Maybe it’s simply entertainment. Not every TV show needs to be 60 Minutes. Not every book has to be The Jungle. Sometimes we need brain candy. Sometimes we need to consume something with absolutely no redeeming value, hence the longevity of Seth Rogen’s acting career.

One might argue that the intangible benefits of communal interaction and shared experience within these fan groups is enough. It could be argued that the Star Wars “fan fiction” sub-culture Jenkins discusses in Chapter Four has helped push technological and artistic boundaries while breaking down the barriers between producer and consumer for a more egalitarian experience. One could also argue that the techno-activism Jenkins describes in Chapter 6 uses new methods to generate important, meaningful dialogue (although the use of technological manipulation and raving hypersensitivity to events like “The Dean Scream” make this problematic).
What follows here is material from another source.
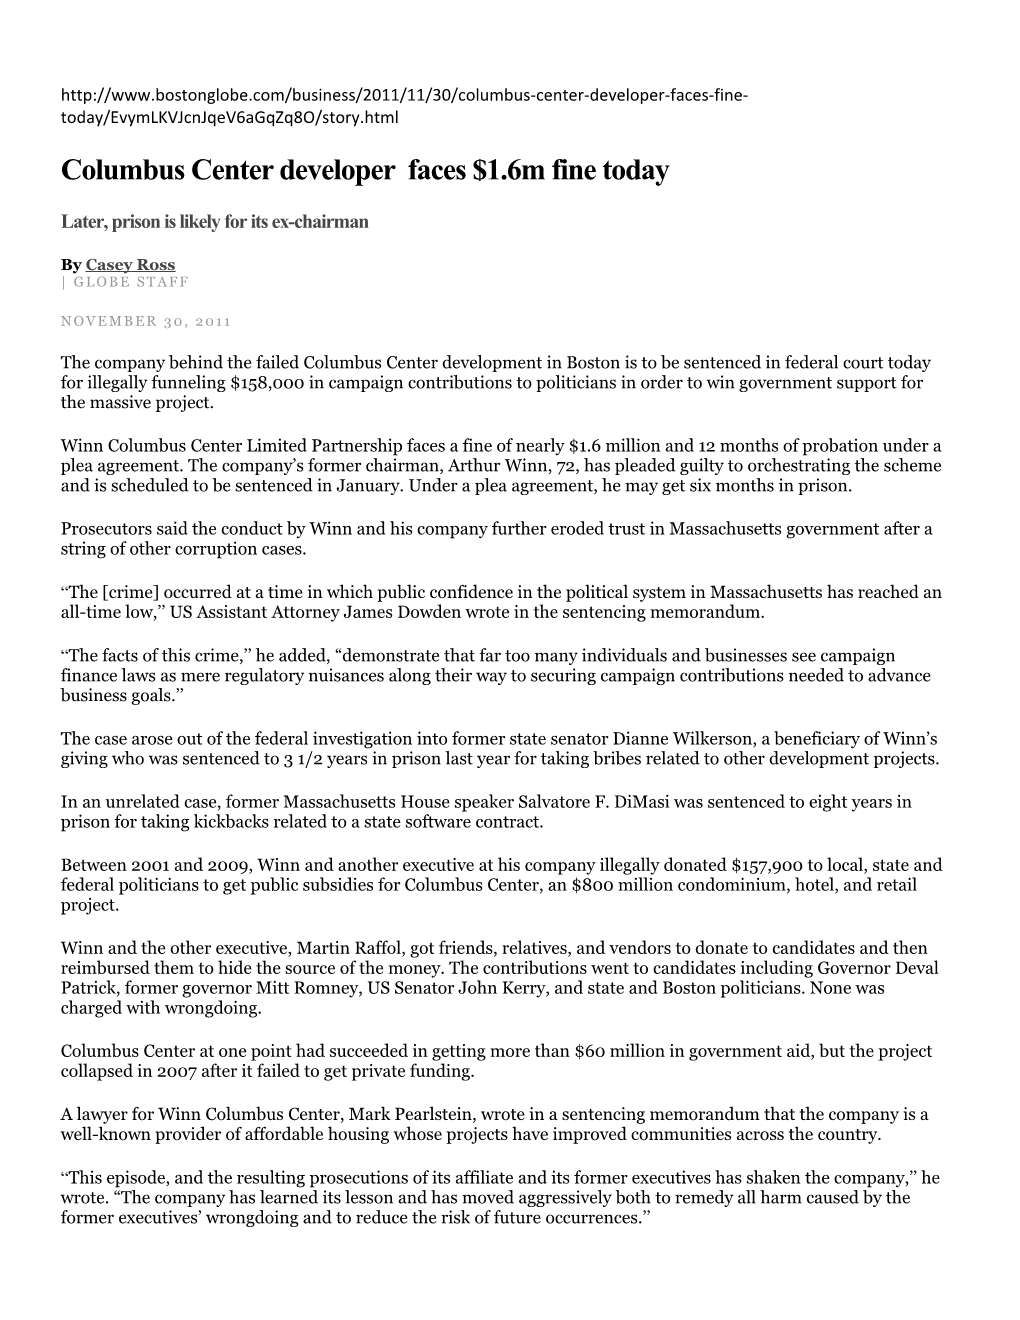 Columbus Center Developer Faces $1.6M Fine Today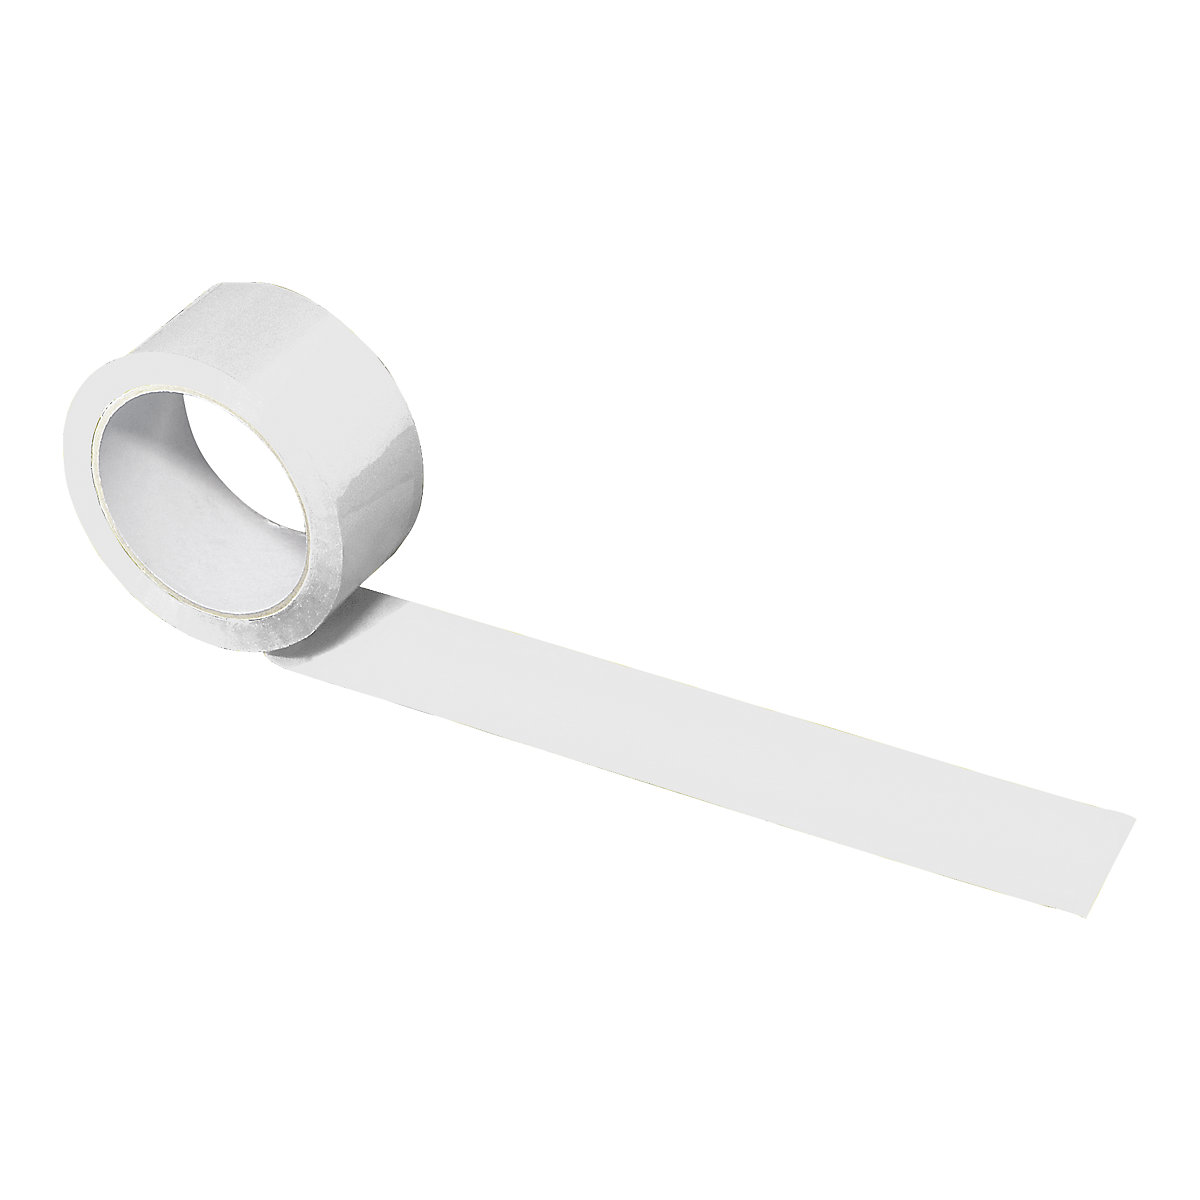 Balicí páska z PP, v různých barvách, bal.j. 108 rolí, bílá, šířka pásky 50 mm-4

From my perspective, speaking strictly about the fan communities that Jenkins describes in Convergence Culture, the fanbase with the most universally redemptive qualities is the Harry Potter loyalists described in Chapter 5. Granted, this perspective could be entirely influenced by how Jenkins sympathetically frames the discussion. A significant portion of the fans discussed are kids and Jenkins handles them accordingly with kids’ gloves.

And yet Jenkins also offers evidence for the massive impact that the so-called “Potter Wars” had not just among Potter “loyalists” but also in a broader global, social and cultural dialogue. A seemingly innocuous shared passion centered around prepubescent-turned-adolescent wizardry led to a fight against censorship (Muggles for Harry Potter/kids-SPEAK!), educational empowerment and “collective bargaining” communal defense  (The Daily Prophet, Sugar Quill) as well as straight-up social activism (HP Alliance).

What makes this specific fan community even more interesting is that their “battle” as described by Jenkins wasn’t just a matter of media consumers versus media producers (as was the case with The Spoilers versus the producers of Survivor, American Idol fans versus American Idol producers, “fair-use” Star Wars fans versus LucasFilms, etc.) but instead spilled over into “real-world” issues of values, politics and religion.

There’s also a certain irony in religious fundamentalists gnashing their teeth over the “participatory culture” embraced by Harry Potter loyalists when one considers that devoted, interpretive evangelicalism based primarily on a singular literary source is, in fact, a foundational trait they both share. Not to mention that a reverse argument could easily be made when the shoe is on the other foot (The Chronicles of Narnia, the Left Behind series, one of Kirk Cameron’s straight-to-DVD epistles).

In the end, it shows a glimpse into how seemingly “throwaway” cultural products and the passion they inspire can make meaningful real-world impacts through the collective power—heretofore mostly misappropriated or untapped—of the “participatory culture.”

Discussion Questions:
-In what ways does “fan fiction” represent a shift from “mass culture” and “popular culture” back toward “folk culture” (as Jenkins describes the terms)?